POWER QUALITY PROGRESSION
Why is power quality a concern, and when did the concern begin? Since the discovery
of electricity 400 years ago, the generation, distribution, and use of electricity have
steadily evolved. New and innovative means to generate and use electricity fueled
the industrial revolution, and since then scientists, engineers, and hobbyists have
contributed to its continuing evolution. In the beginning, electrical machines and
devices were crude at best but nonetheless very utilitarian. They consumed large
amounts of electricity and performed quite well. The machines were conservatively
designed with cost concerns only secondary to performance considerations.
POWER QUALITY ISSUES
is a simple term, yet it describes a multitude of issues that are found
in any electrical power system and is a subjective term. The concept of good and
bad power depends on the end user. If a piece of equipment functions satisfactorily, the user feels that the power is good. If the equipment does not function as intended
or fails prematurely, there is a feeling that the power is bad. In between these limits,
several grades or layers of power quality may exist, depending on the perspective
of the power user. Understanding power quality issues is a good starting point for
solving any power quality problem. Figure 1.13 provides an overview of the power
quality issues that will be discussed in this book.
SUSCEPTIBILITY CRITERIA
The subject of power quality is one of cause and effect. Power quality is the cause,
and the ability of the electrical equipment to function in the power quality environment
is the effect. The ability of the equipment to perform in the installed environment
is an indicator of its immunity. Figures 1.14 and 1.15 show power quality and
equipment immunity in two forms. If the equipment immunity contour is within the
power quality boundary, as shown in Figure 1.14, then problems can be expected.

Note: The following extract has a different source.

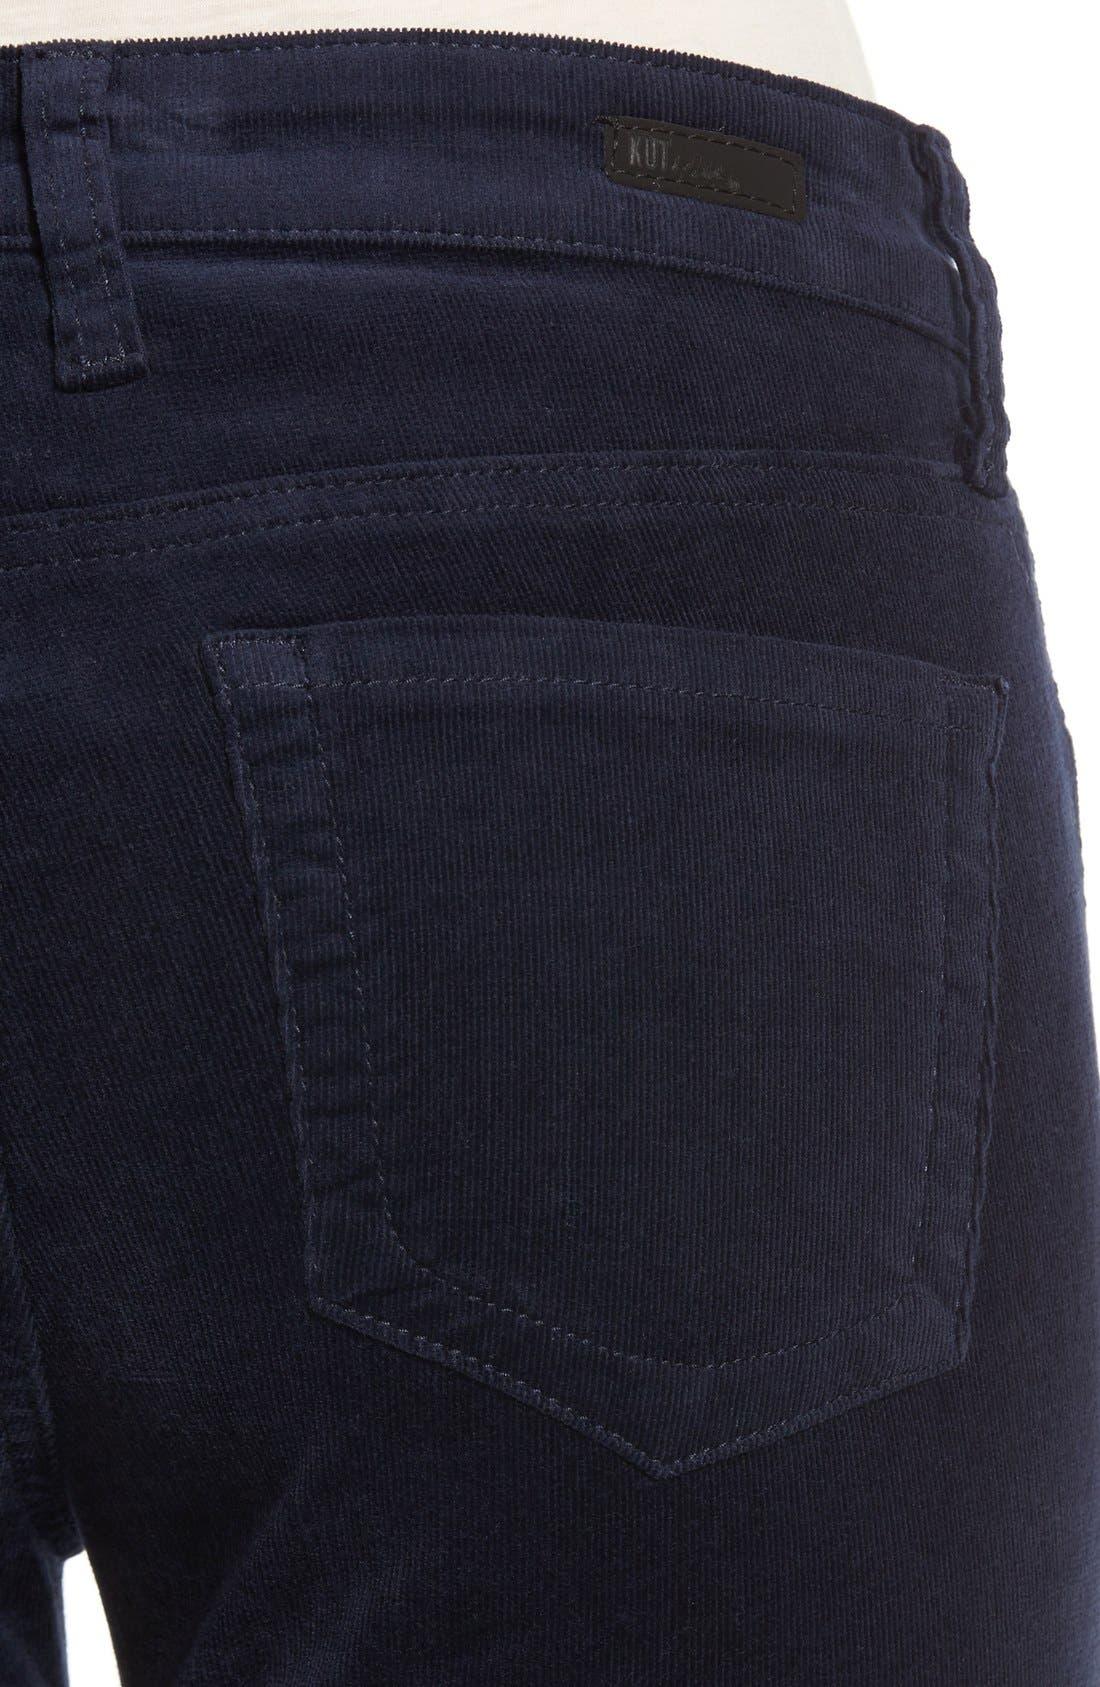 'Diana' Stretch Corduroy Skinny Pants,                             Alternate thumbnail 281, color,
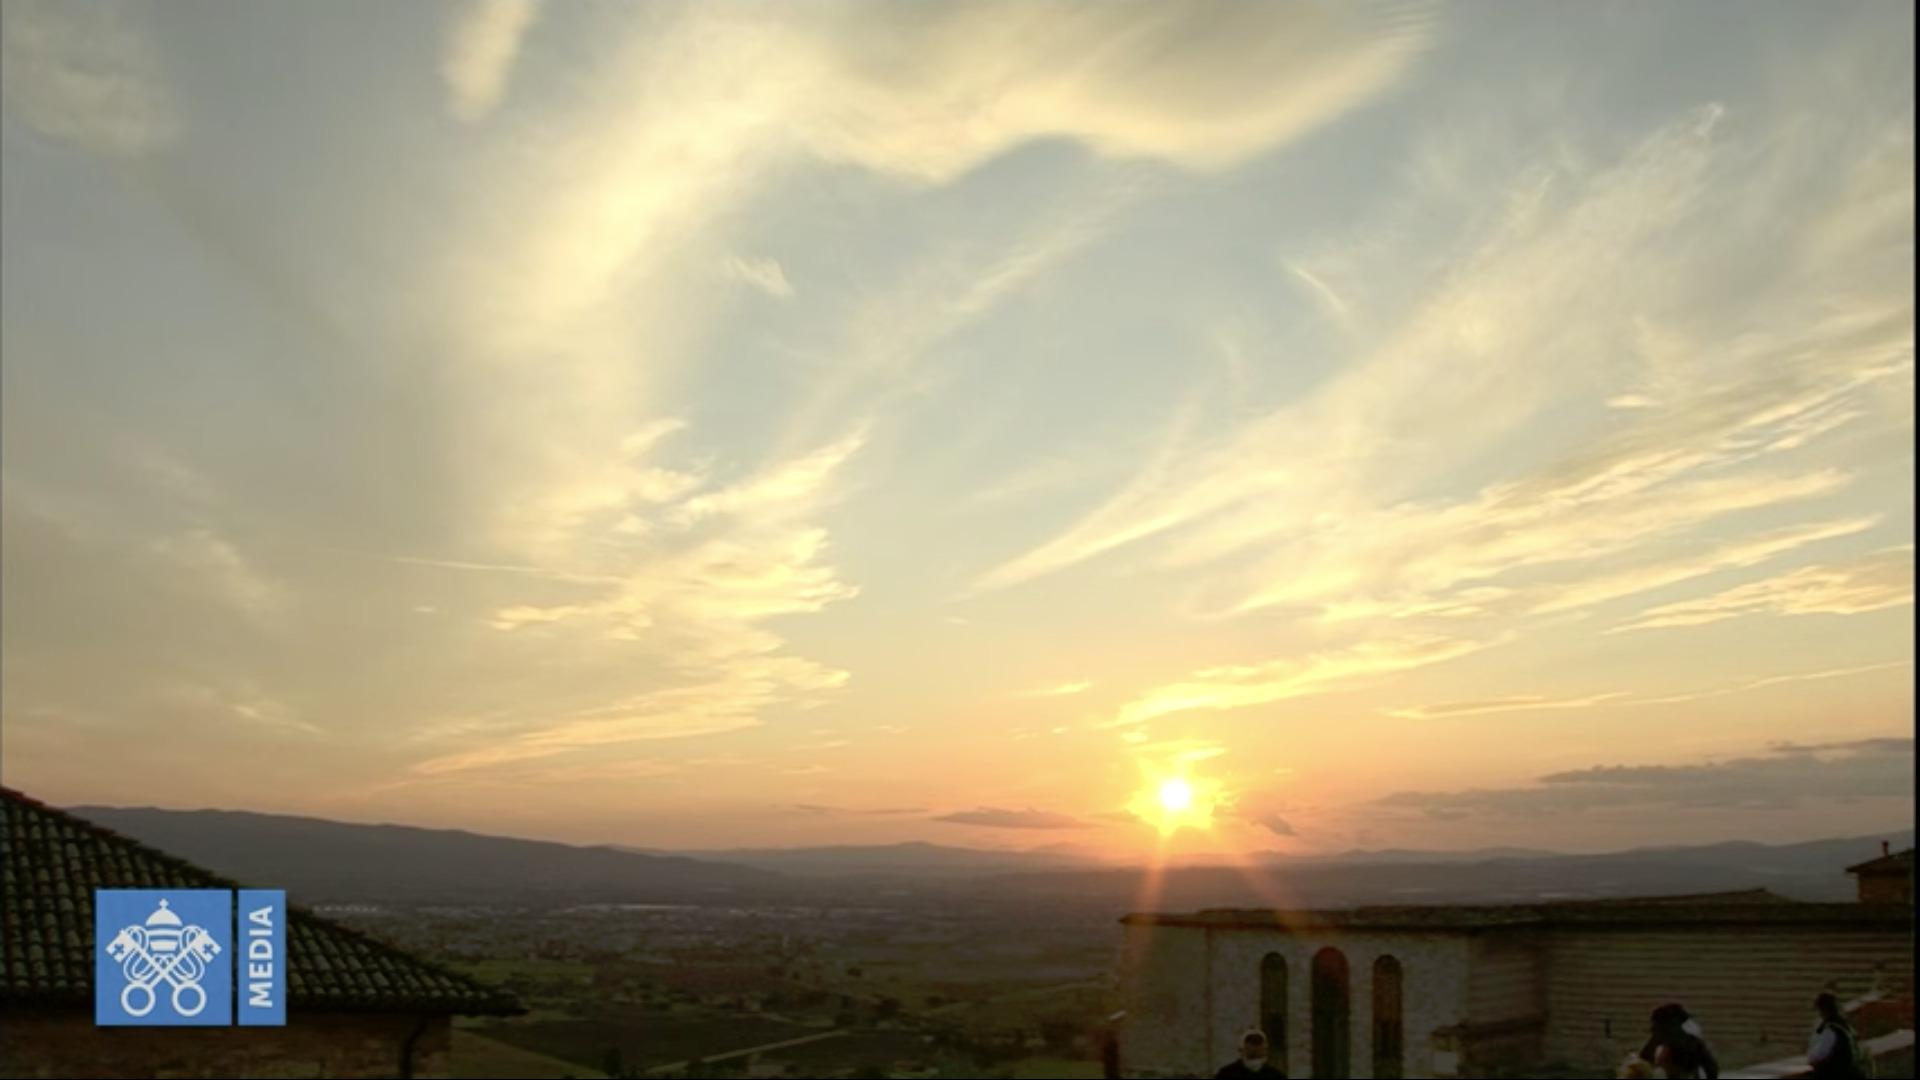 Le ciel d'Assise au terme de la béatification de Carlo Acutis, capture @ Vatican Media

If the equipment immunity contour is outside the power quality boundary, then the
equipment should function satisfactorily. The objective of any power quality study
or solution is to ensure that the immunity contour is outside the boundaries of the
power quality contour. Two methods for solving a power quality problem are to
either make the power quality contour smaller so that it falls within the immunity
contour or make the immunity contour larger than the power quality contour.
INTERDEPENDENCE
Power quality interdependence means that two or more machines that could operate
satisfactorily by themselves do not function properly when operating together in a
power system. Several causes contribute to this occurrence. Some of the common
causes are voltage fluctuations, waveform notching, ground loops, conducted or
radiated electromagnetic interference, and transient impulses. In such a situation,
each piece of equipment in question was likely tested at the factory for proper
performance, but, when the pieces are installed together, power quality aberrations
are produced that can render the total system inoperative. In some cases, the relative
positions of the machines in the electrical system can make a difference. General
guidelines for minimizing power quality interdependence include separating equipment
that produces power quality problems from equipment that is susceptible. The
offending machines should be located as close to the power source as possible.
The power source may be viewed as a large pool of water. A disturbance in a large
pool (like dropping a rock) sets out ripples, but these are small and quickly absorbed.